Thursday, April 17, 2014

Initial jobless claims rise to 304,000

More Americans filed initial claims for unemployment benefits last week and a new estimate for the previous week erased what had first looked like a seven year low, the Labor Department said Thursday.

First-time claims rose to a seasonally adjusted 304,000, an increase of 2,000 from the previous week's revised level, the Labor Department said.

Last week, Labor reported first-time claims for the week ending April 5 had dropped to 300,000, which was reported as the lowest since May 2007.

Economists had forecast this week's report would show a rise to 315,000, according to a survey by Action Economics.

But this time of year, jobless claims numbers can bounce around because Easter's date changes from year to year and that can affect Labor's seasonal adjustments.

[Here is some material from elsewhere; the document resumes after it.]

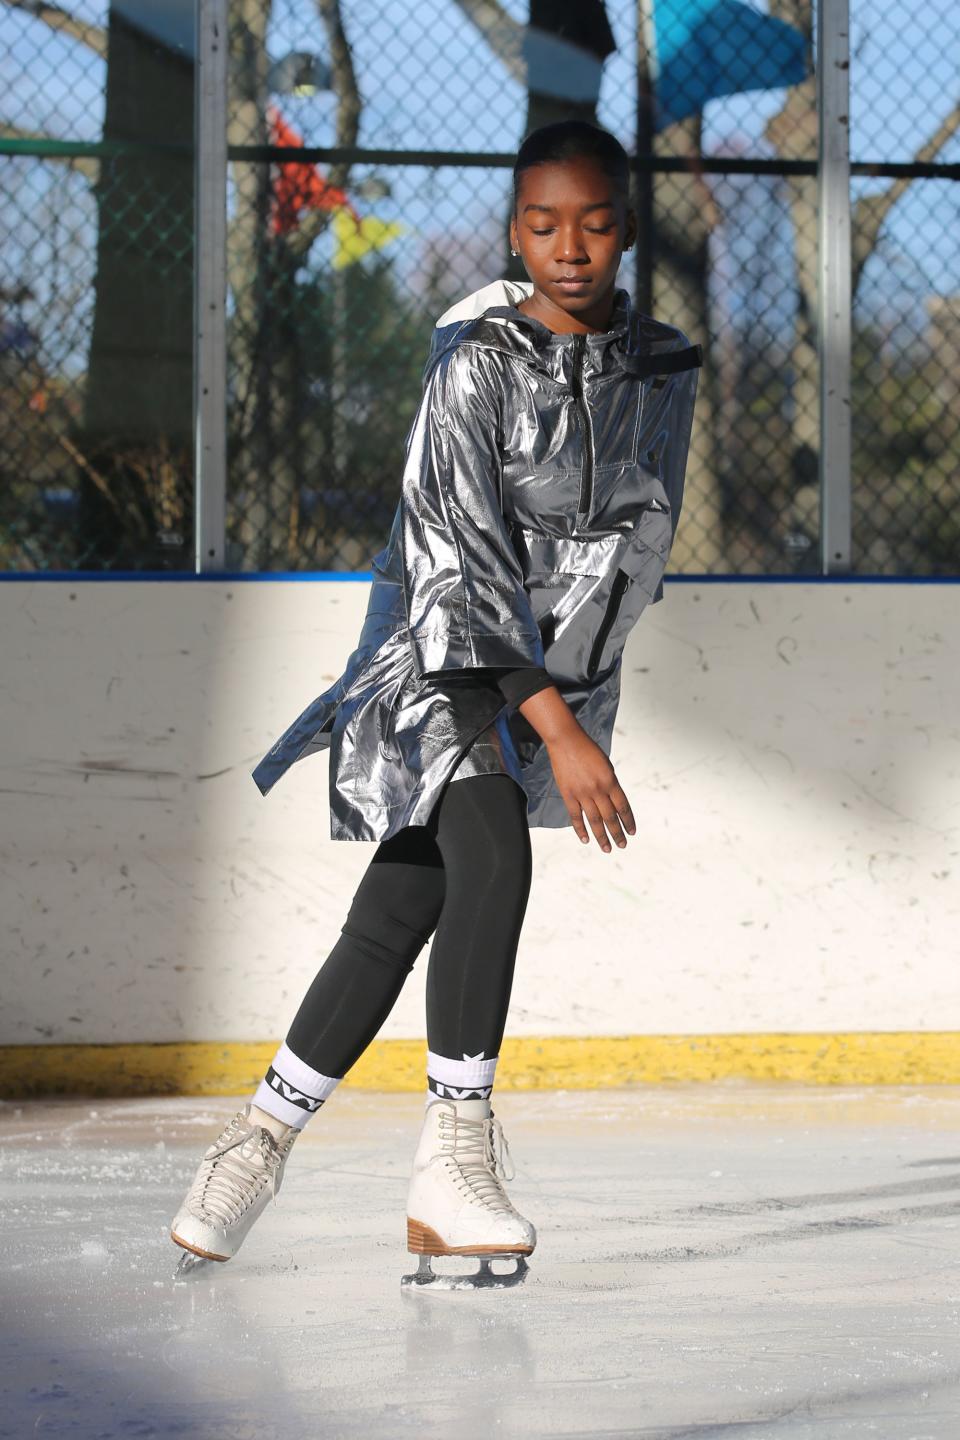 It’s blades of glory, Beyhive style.

The longer-term trend is still moving down, a sign of the job market's slow improvement..

In Thursday's report, Labor said the 4-week moving average was 312,000, a decrease of 4,750 from the previous week's revised average. That is the lowest level for this average since October 6, 2007 when it was 302,000.

Claims averaged well over 600,000 a week through much of 2009.

Earlier this month, the government reported the economy gained 192,000 jobs in March while January and February job gains were 37,000 higher than previously estimated. The unemployment rate held steady at 6.7%.